Pero antes de iniciar la conversación, como si el ritual exigiera una dosis de etanol para lubricar la mente, hicimos una parada en la gas station más cercana y compramos dos six packs de 211, una cerveza con un 14 % de alcohol que parecía ser el elixir predilecto de aquellos encuentros iniciáticos.

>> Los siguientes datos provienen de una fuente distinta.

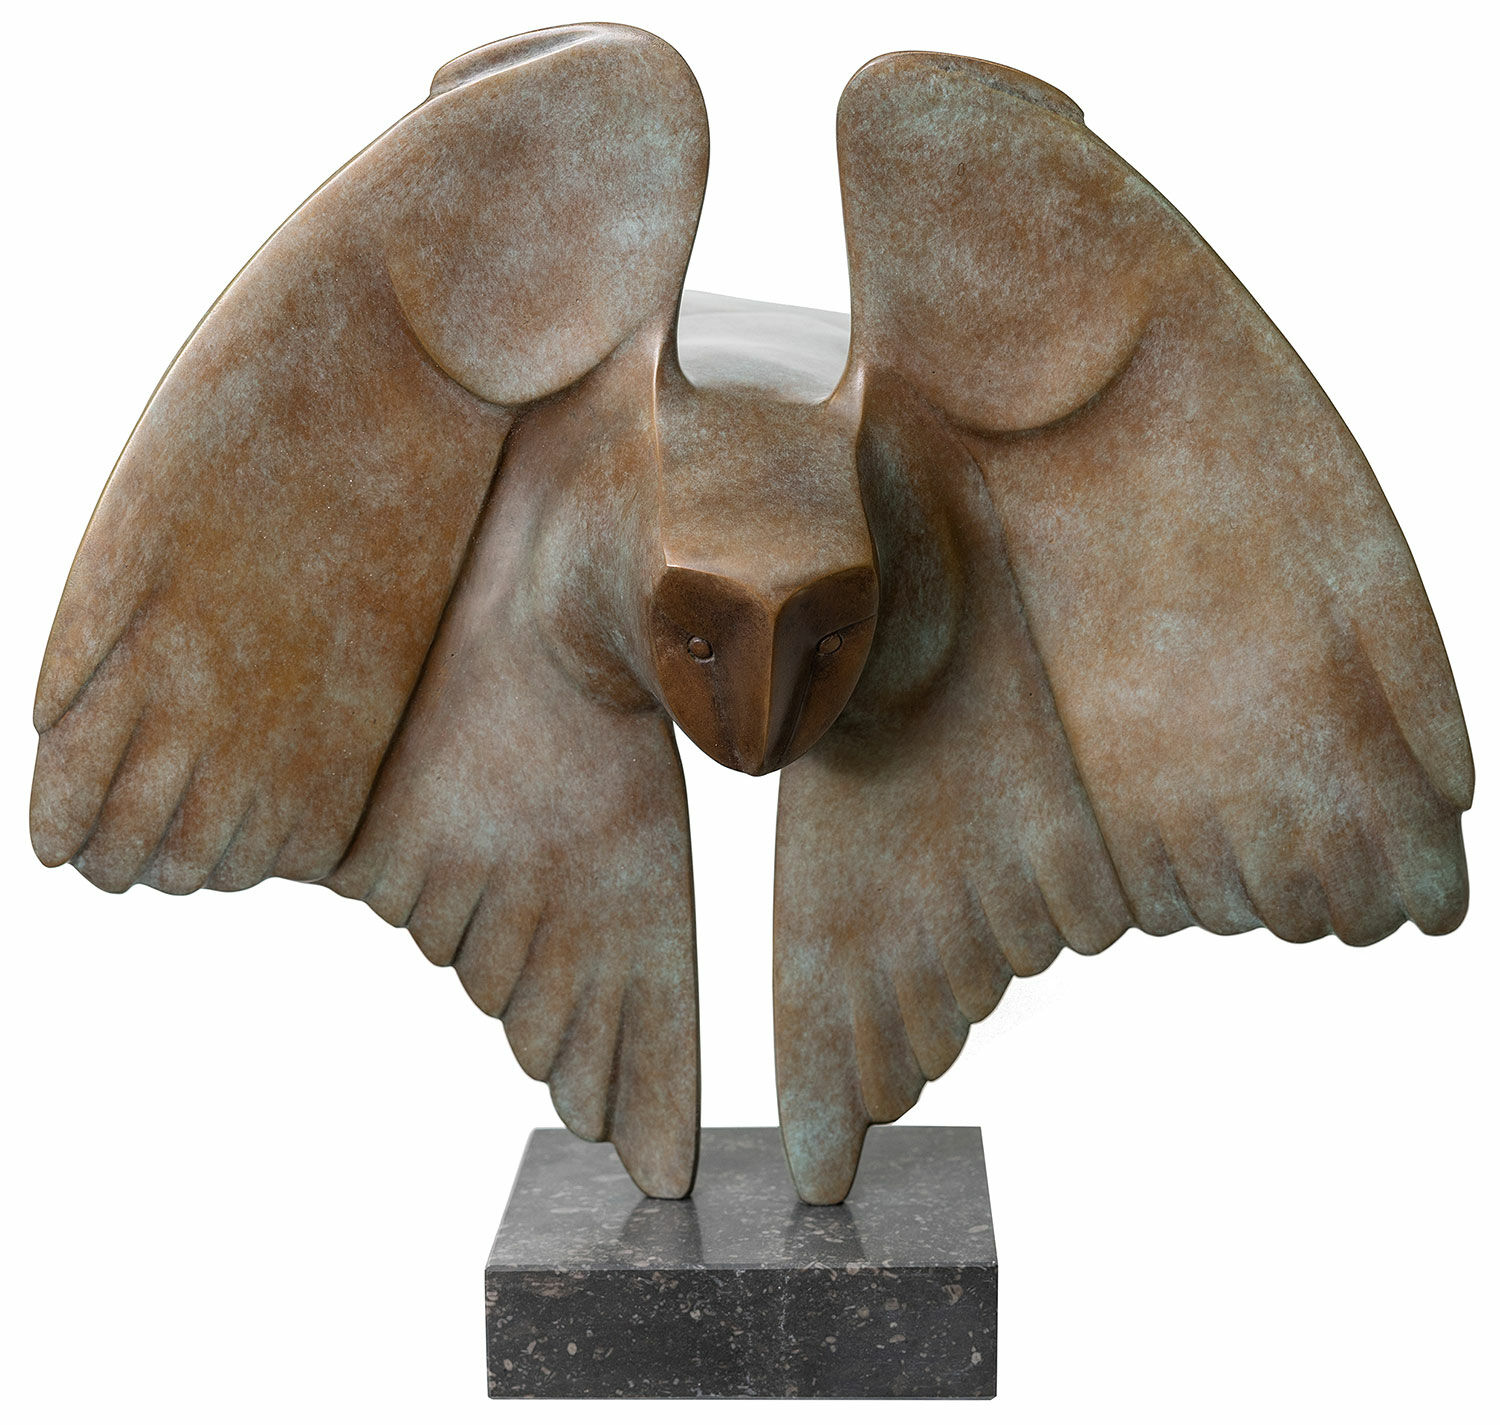 Skulptur "Fliegende Eule No. 7", Bronze von Evert den Hartog

La charla en su apartamento comenzó alrededor de las 10 a. m., un horario inusual para tratar temas de profundidad metafísica, pero ideal para la espontaneidad de Palou. Su discurso, cargado de referencias y anécdotas personales, se desplegó con la precisión de alguien que había dedicado su vida a la lectura y la introspección. Iniciamos con Gurdjieff y su idea de la cuarta vía, pasamos luego a Ouspenski y su fascinación con el tiempo y la conciencia, nos detuvimos en Aurobindo y la evolución espiritual, en Krishnamurti y la disolución del ego, y finalmente en Osho y su polémica mezcla de hedonismo y misticismo. Como era de esperar, tampoco pasó inadvertido el tema de la masonería y los Rosacruces, sociedades secretas a las que Mario atribuía un conocimiento reservado a los pocos que lograban descifrar los signos ocultos en la historia y en la literatura.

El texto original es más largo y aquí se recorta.